Acknowledging this is one thing. Putting it into action is another. I’m a person who believes in grace, forgiveness, and second chances. Those three things can go a long way. But here is where I get hung up: I get stuck on the fact that you can’t erase or alter the past. Some of my friends have been through some insanely awful things. As much as I would like to see them make it through and as much as some of them have in some way, I struggle with the fact that the past will always be there. No matter how many silver linings we find, we can’t change what’s happened. That’s tough. Some might say paralyzing.
But that’s it! That’s what I realized on my run tonight while scrambling off the side of Mary’s Mountain in the dark. I realized that our response to hard things can be like those times when your body goes into panic mode and starts to lock up. It doesn’t happen to me all the time, but every now and then when I am navigating technical terrain (think cliffs, rock scrambles, and sketchy ridgelines), my body starts to panic. In a matter of seconds it can go from feeling calm and collected to extremely uneasy. Mentally, I sense fear and panic. Physically, I feel like a fainting goat on the verge of locking up. (Those goats must be so stressed!) And yet, I know that if I allow the fear to rule me, I won’t get anywhere. I’ll be stuck up on the side of that rock forever (or at least until I get too tired and fall off). So, I do what I have to. I fight off the panic, focus on my next move, and clear the obstacle.
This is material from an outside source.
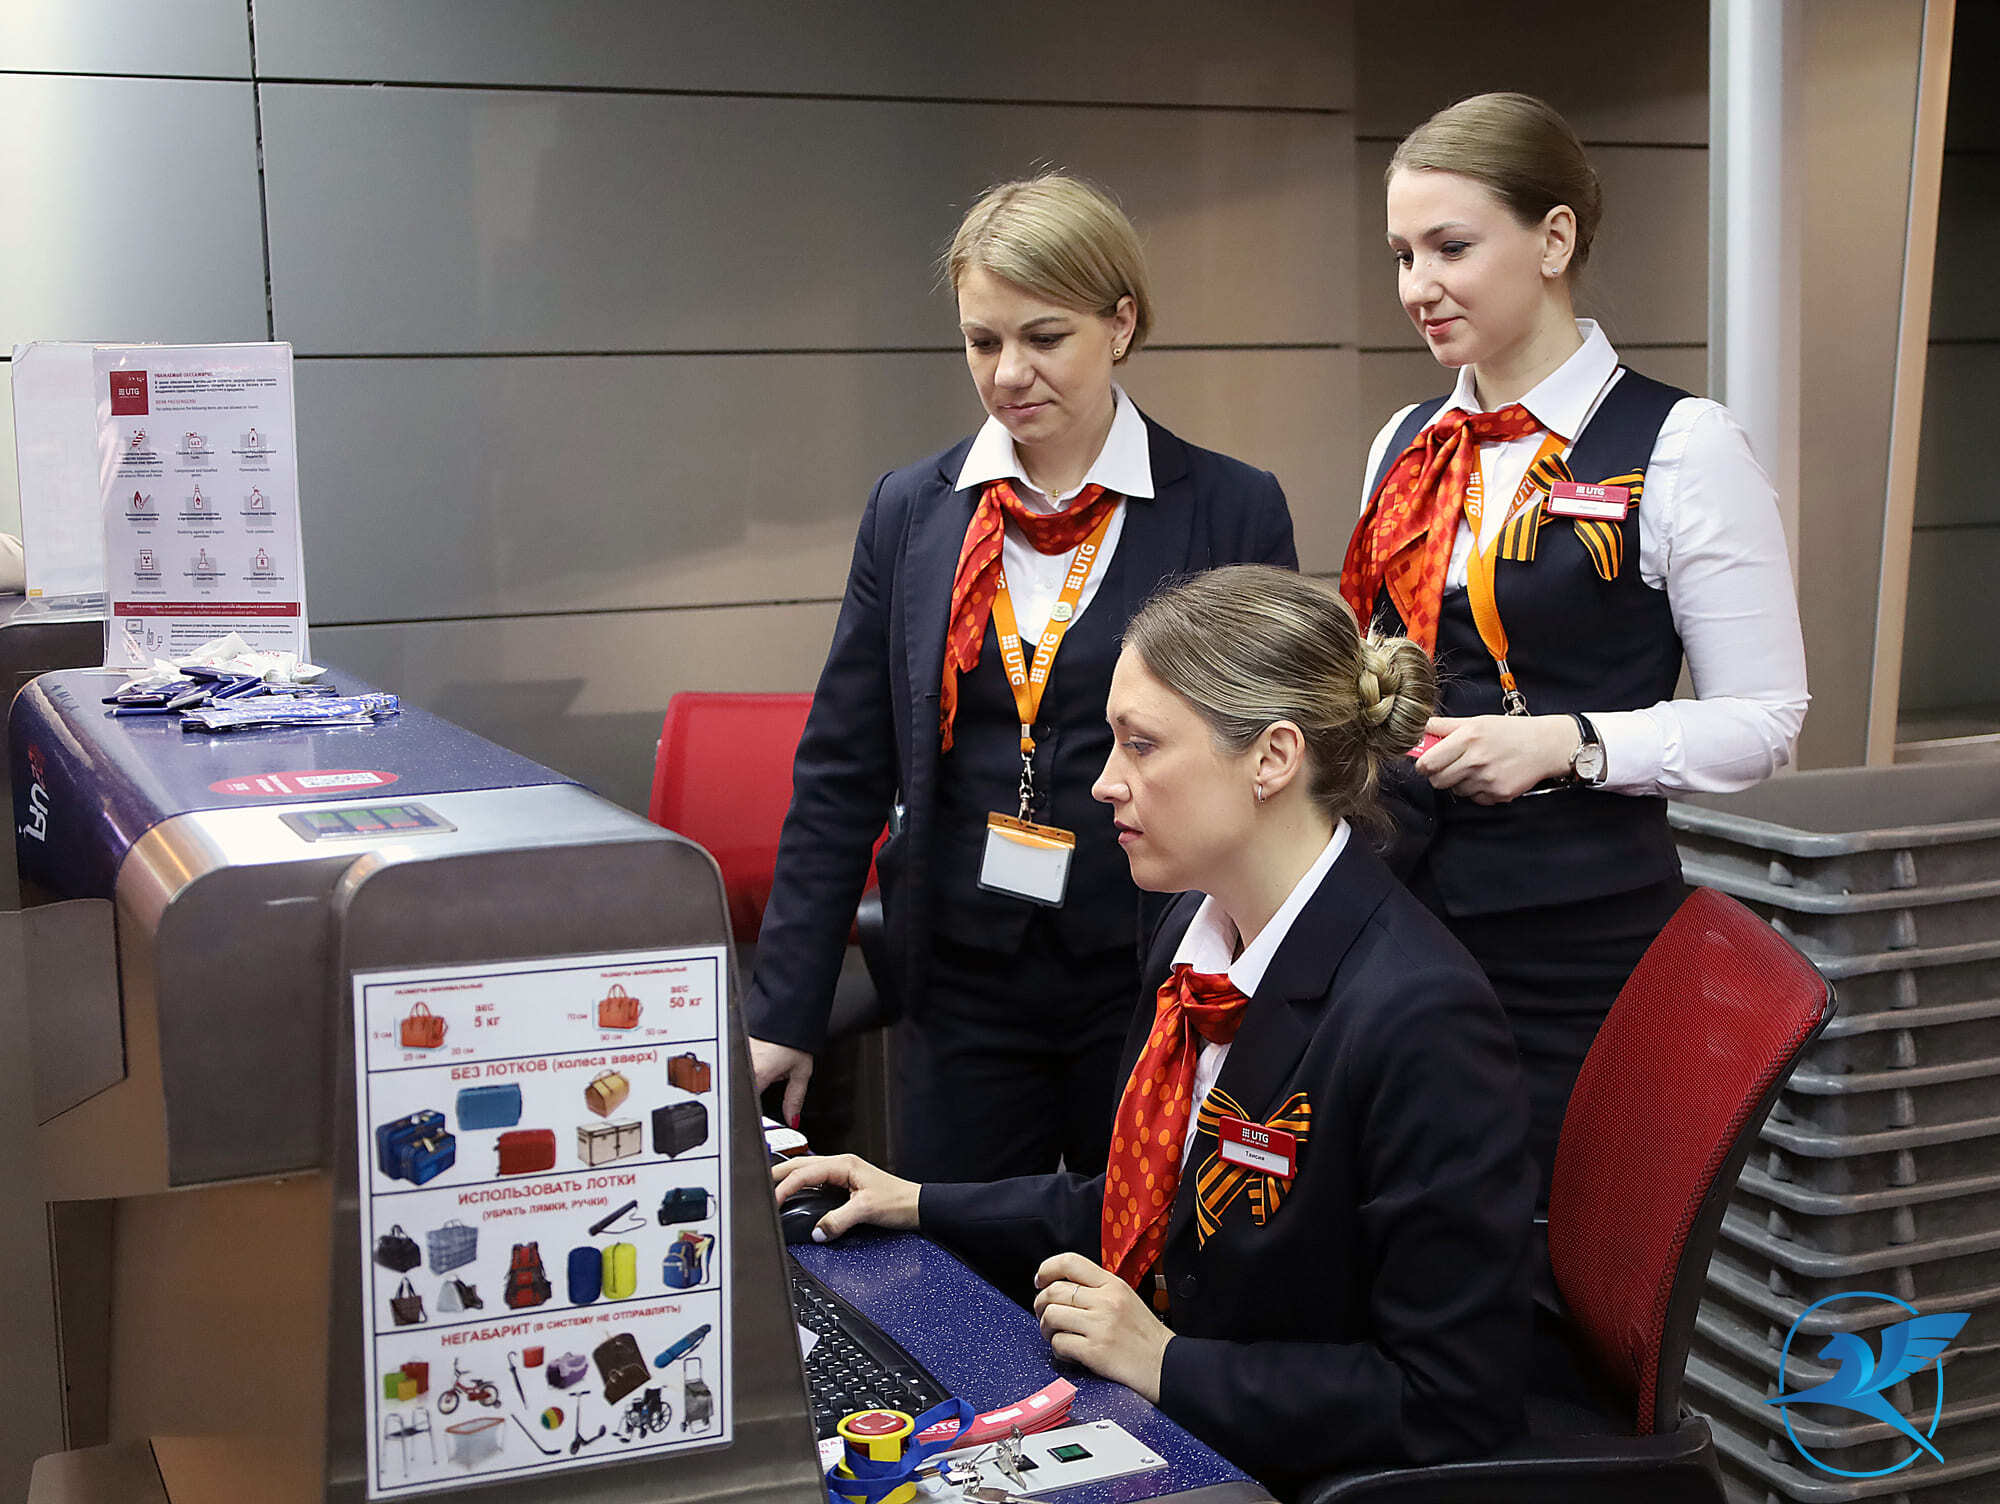 Авиакомпания Aero Nomad Airlines расширяет маршрутную сеть из аэропорта Внуково | Международный аэропорт Внуково

In life, this is what’s hard. It’s hard to focus on the next move, to overcome the panic, to wake up day after day and reach for the next hold. And yet, unless we wish to stay frozen on the ridgeline, reaching for that next hold is exactly what we must do. It’s like that day on the incline. My head was anything but clear when I got on those stairs, but each step was a way to move on. Sure, it didn’t fix everything, but it provided a release, and now, thanks to the book Visiting Tom and my off-trail adventures, it also serves as a reminder that we need to keep moving. We don’t have to have all the answers. We don’t (and cannot) erase the past. We can’t stop bad things from happening. Hard moments will always be part of life. Some of those moments will feel like more than we can handle. But no matter how hard, we can’t wallow. We can’t stop. We can’t freeze. We have to keep moving. We have to keep living. We have to keep giving and sometimes taking–because we all need some help now and then.
Call for Comments (from Meghan)
- Do you ever have mental anguish over the perpetual give-and-take aspects of life? How do you come to peace with this?
- Taking Zach’s thoughts a bit further, do you ever use the strength you find through running to get through some of the rougher parts of life? Do you see any parallels in how you cope with the hardest parts of both life and running?